De Wbft 2019 beoogt een flexibeler kader te bieden dan haar voorganger, de Wbft 2013. In de huidige bekostigingssystematiek worden de totale toezichtkosten van de AFM en DNB toegerekend aan de verschillende toezichtcategorieën en vervolgens onder individuele instellingen binnen een categorie verdeeld aan de hand van vaste maatstaven met jaarlijks variërende bandbreedtes en tarieven. Het meerjarige kostenkader is een belangrijk onderdeel van de Wbft dat een balans probeert te vinden tussen stabiliteit van de totale toezichtkosten en het bieden van voldoende flexibiliteit aan de toezichthouders in de uitvoering van hun taken. De Wbft 2019 bevat daarnaast twee instrumenten waarmee schommelingen in de heffingen door incidentele kosten kunnen worden opgevangen: de heffingsreserve en de spreiding van het exploitatiesaldo.

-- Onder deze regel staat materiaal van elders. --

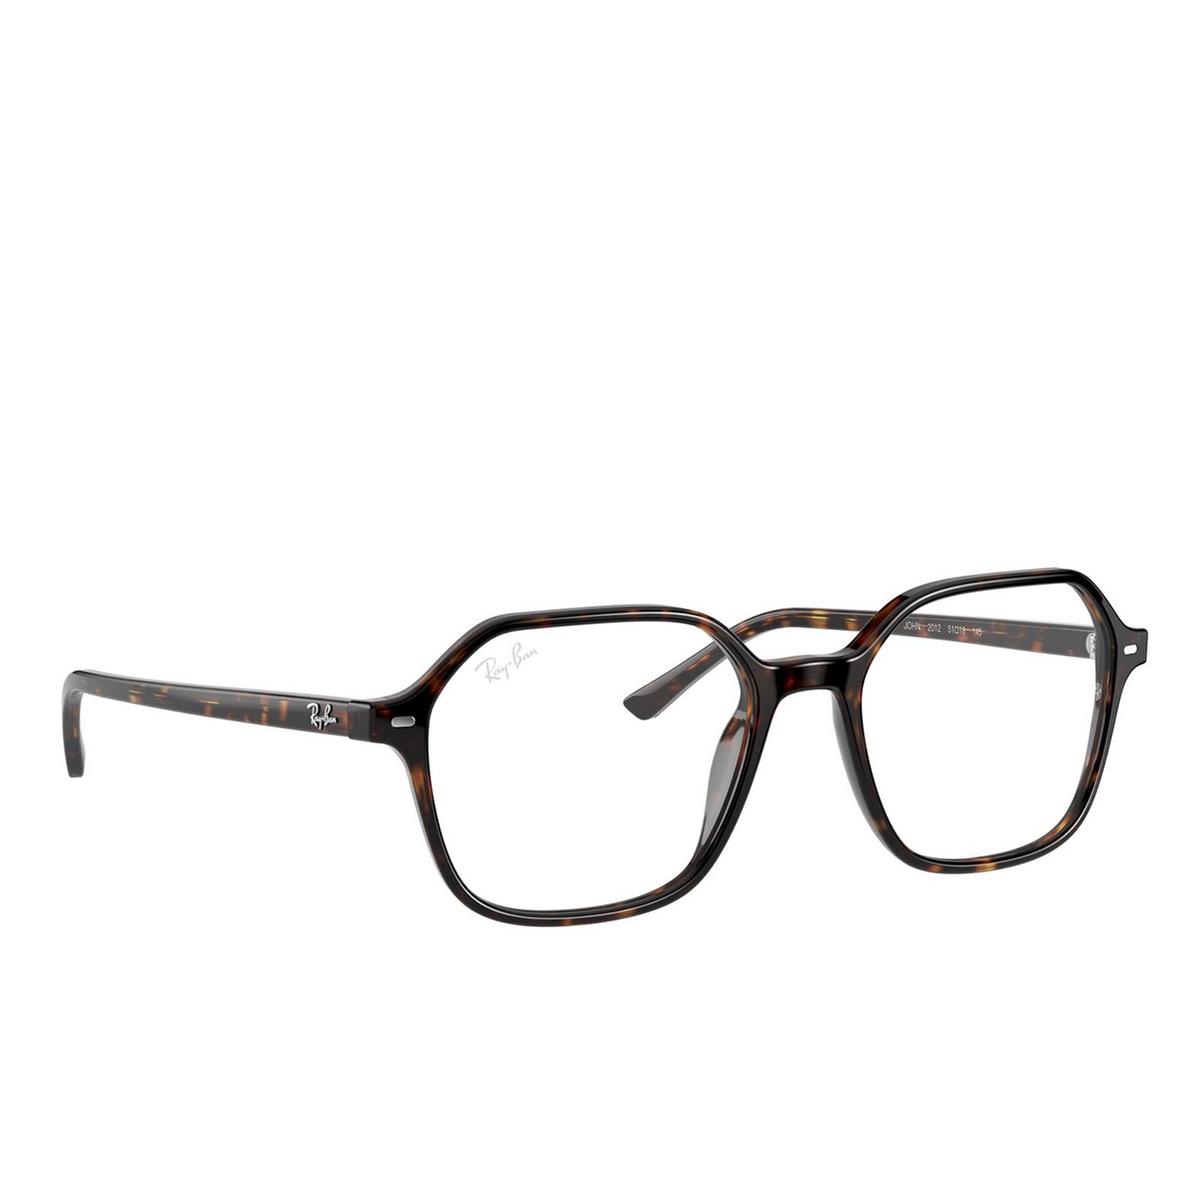 Ray-Ban® Square Eyeglasses: John RX5394 color Havana 2012.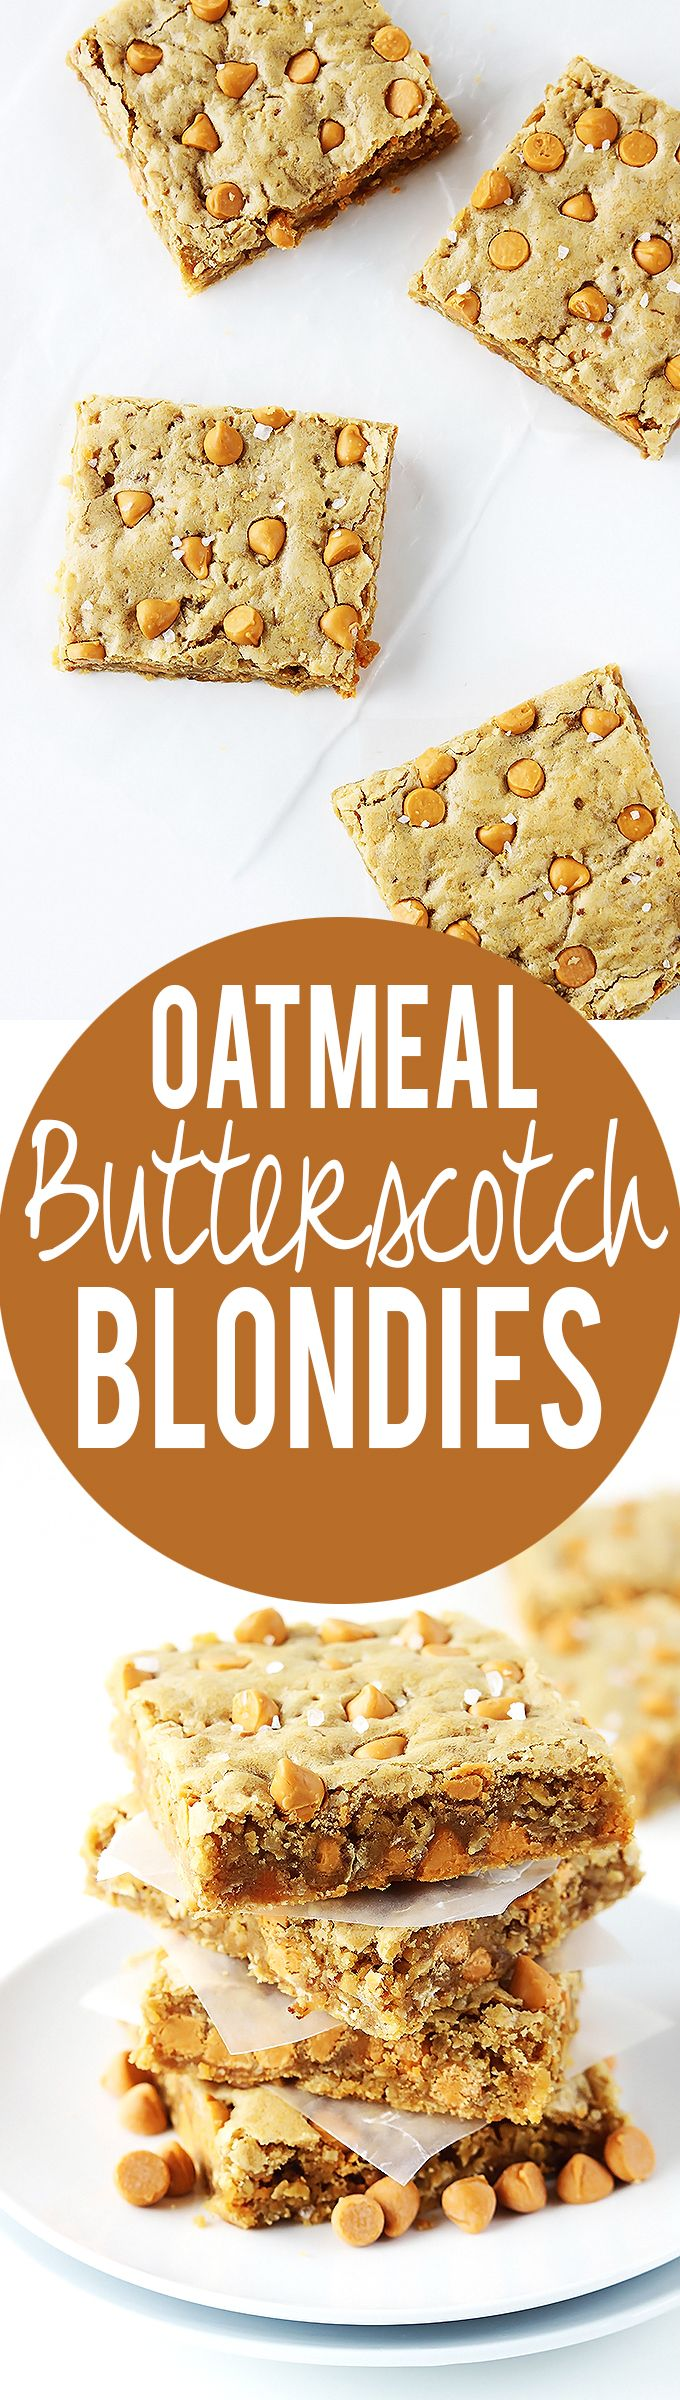 Butterscotch Blondie Oatmeal Cookies Recipe — Dishmaps

De hoofdvraag van het onderzoek luidt als volgt: In hoeverre voldoet de huidige wettelijke bekostigingssystematiek van het financieel toezicht aan de principes van proportionaliteit, stabiliteit en flexibiliteit? Om de onderzoeksvragen te beantwoorden, hebben we de volgende onderzoeksmethoden ingezet. We hebben de ontwikkeling van de kosten in kaart gebracht op basis van data die de toezichthouder aanlevert en openbare bronnen. We hebben daarnaast deskresearch ingezet om de beleidsreconstructie en beleidstheorie in te vullen. Verder hebben we een serie interviews gehouden en een enquête uitgevoerd. Ook is een internationale vergelijking onderdeel van het onderzoek.

¹           Hieronder vallen dus ook de kosten die DNB maakt voor het DGS en de resolutietaak.